ゾクッと背中を何かが這いずるような感覚に襲われた。嫌な予感、虫の知らせ、というやつだったのかもしれない。
「大丈夫?」と下に向けた顔を覗き込む瑞希に、頷くことで答えを返すと、また周りを気にしてから公園の中へと戻った。
電話が来たのは二時五十分だった。携帯の液晶に登録していない番号がでかでかと映し出され、緊張が走ったと同時に黒い色の普通車が公園の横に停車した。
吸い寄せられるように車に近づくと窓から中を覗いた。
雛の姿がない。
そう思った瞬間、鈍い音がして頭に強い衝撃と激しい痛みを感じた。勢い良く頭が上、下、上の順番で上下に揺れると、そのままの勢いで身体は地面に横になった。そして、目の前は真っ暗に変わった。
目が覚めた時、僕は病院のベッドに寝ていた。が、その理由を思い出せたのはもう少し後のことだった。
硬いベッドの中心で仰向けになって寝ていた僕の視線に一番に飛び込んできたのは、真っ白な天井とそこに取り付けられた昼白色の光だった。

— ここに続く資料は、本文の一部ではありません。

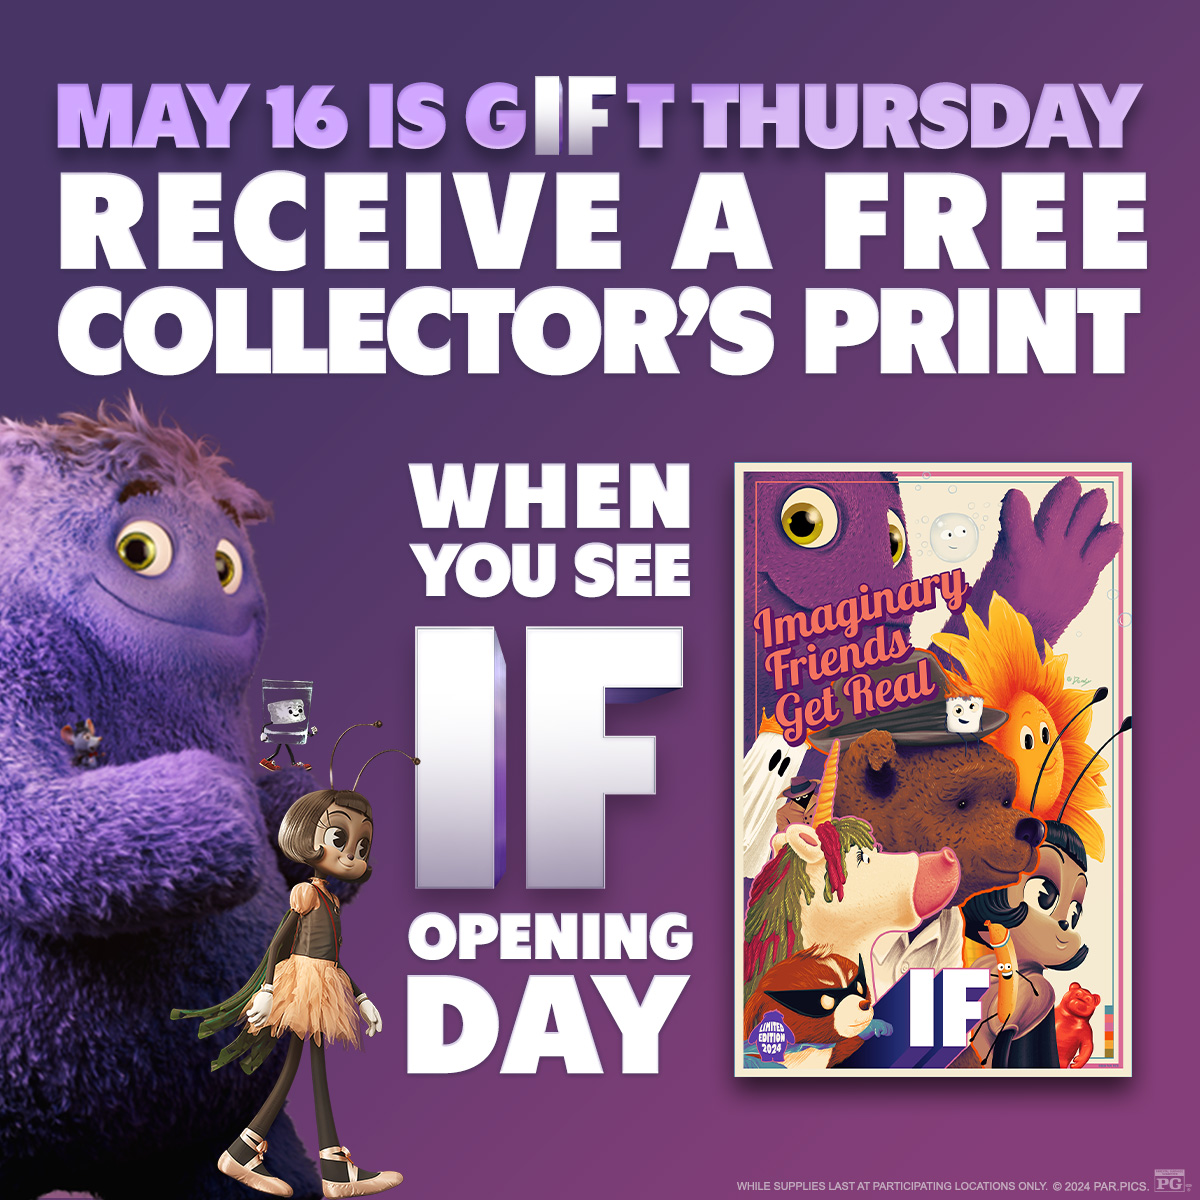 Watch #IFMovie on Thursday, 5/16 and receive a free collector's print! 🎟️: cinemark.com/movies/if?utm_…

すぐに体を起こして辺りを見回すと、ベッドの横に、小学校の体育館で使うようなパイプ椅子を置いて座っていた瑞希が、握っていた手をそのままに「良かったあ」と呟いた。
状況が整理できていない僕の動揺に気付きもせず、瑞希は瞳から出てくる一掬の涙をしきりに拭いていた。
最初はその涙は単に、僕が目を覚ましたことが深く心を揺さぶったのだろうと思った。確かにそれもあったかもしれない。だが、上にぐんぐん伸びていっては最後に爆音と火花を飛ばして夜空に広がる打ち上げ花火のように、瑞希と結ばれた右手の甲に何度となく落ちる涙と荒れた息遣いが、その涙を悲しいものに思わせた。
涙を枯らした瑞希は次第に息を整えて、何も言わず一枚の写真を僕に渡す。写真を受け取るとすぐに写っている内容を確認した。
音を立てないように、そっと扉を閉めると階下へ下りる。テレビを点けると、丸い眼鏡を付けた太めの男性が、最近の日本の政治についての話をしている番組がやっていた。
しかし、あまりこういった番組は好きではない。よく分かっていない人たちが集まって適当なことを言っているだけに思えるからだ。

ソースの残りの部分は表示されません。